Bulgaria has been accumulating proceeding opened by the European Commission for failure to fulfil its obligations according to the European Treaties, and mostly so by failing to implement Directives correctly in its national legal corpus. Again recently, decided to launch six new procedures against Bulgaria for poorly implemented Directives and decision was taken to take other procedures to the judicial phase in front of the EU Court of Justice in Luxembourg. While every EU Member is subject to these procedures and the difficulty for the country to transpose legislation correctly is concerning, as eventually it means that the legislation will change regularly, leading to a real legal uncertainty. The lack of a stable legislative frame is a major downturn for investors which are looking for stability of the environment above all.

The third issue affecting foreign investment in Bulgaria is the corruption plaguing the country.

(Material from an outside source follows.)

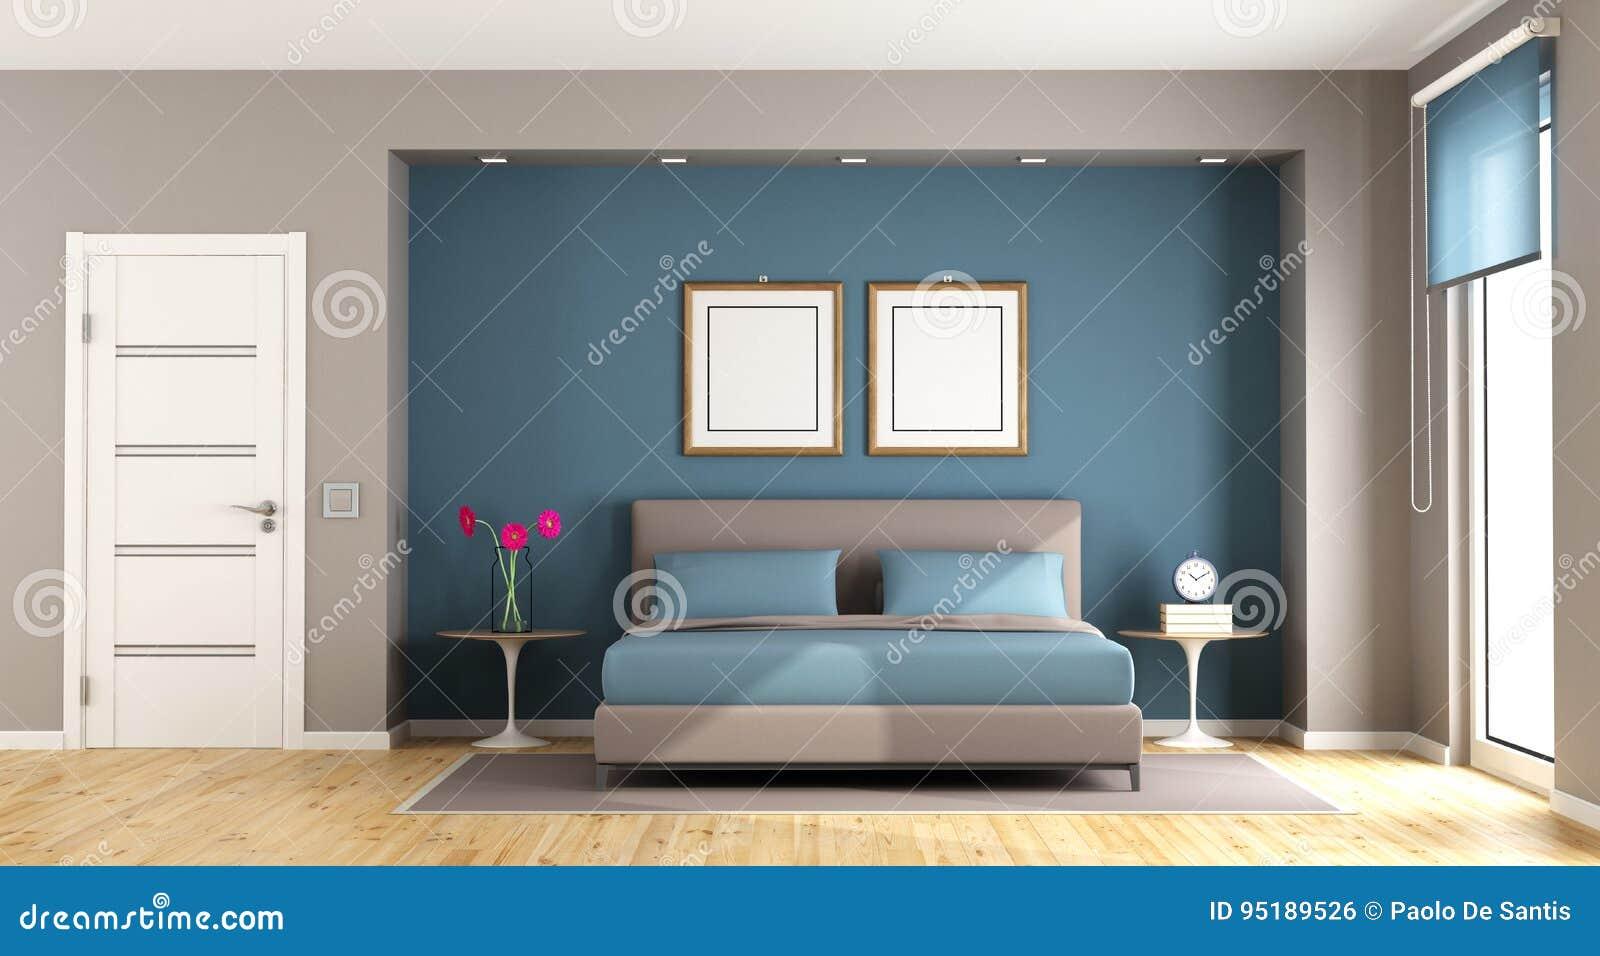 Camera Da Letto Moderna Marrone : Camera da letto moderna blu e marrone illustrazione di stock

Bulgaria is currently again ranked as the most corrupt EU member state according to perceptions, by Transparency International. The report is based on the polling of experts from around the world on topics such as a free press, integrity, and independent judiciaries. In 2015, the European Commission found that Bulgaria had done almost nothing to stem the tide of corruption and organized crime. A poll of Bulgarians indicated that 76% believe that political parties are corrupts, and 86% believe that the judiciary is corrupt.

Unfortunately, in its next reports the Juncker Commission decided it has enough other problems and kept its eyes closed on Bulgaria.

The situation in Bulgaria is particularly challenging because of the scale of the problem and of the government refusing to see this issue as a problem. Bulgarian authorities have indeed a habit of covering up abuses and disregarding recommendations for improvement. Even more, Bulgarian authorities do their best to avoid investigation. One of the most striking corruption scandals – the so called Yaneva Gate from 2015- have seen recordings of conversation between high level judges being leaked on the website of the Bulgarian partner of the organized crime and corruption reporting project. The records reveal conversation on how to decide cases and in whose interest. These revelations did not lead to any inquiry as it was deemed that the recordings were made illegally.

This case is revealing of the trend in Bulgaria. Lot of revelations are being made, lot of charges for corruption are brought by the prosecution, but the conviction rate is close to zero. This is not merely an issue the citizens are facing. The high level of corruption means effectively that no real economic competition can take place in a country, as companies close to the decision-makers will have advantages against any newcomers, even if they are leading international companies. In addition, it renders the bloated Bulgarian administration even slower, harder to navigate and unpredictable. Many foreign investors learned the lesson and left.

This is how Bulgaria has managed to achieve an extraordinary feat. Despite being one of the most beautiful countries in the European Union, despite having talented and educated people, despite a favourable tax climate, it is likely to stay as the poorest in the EU, and to continue losing its population.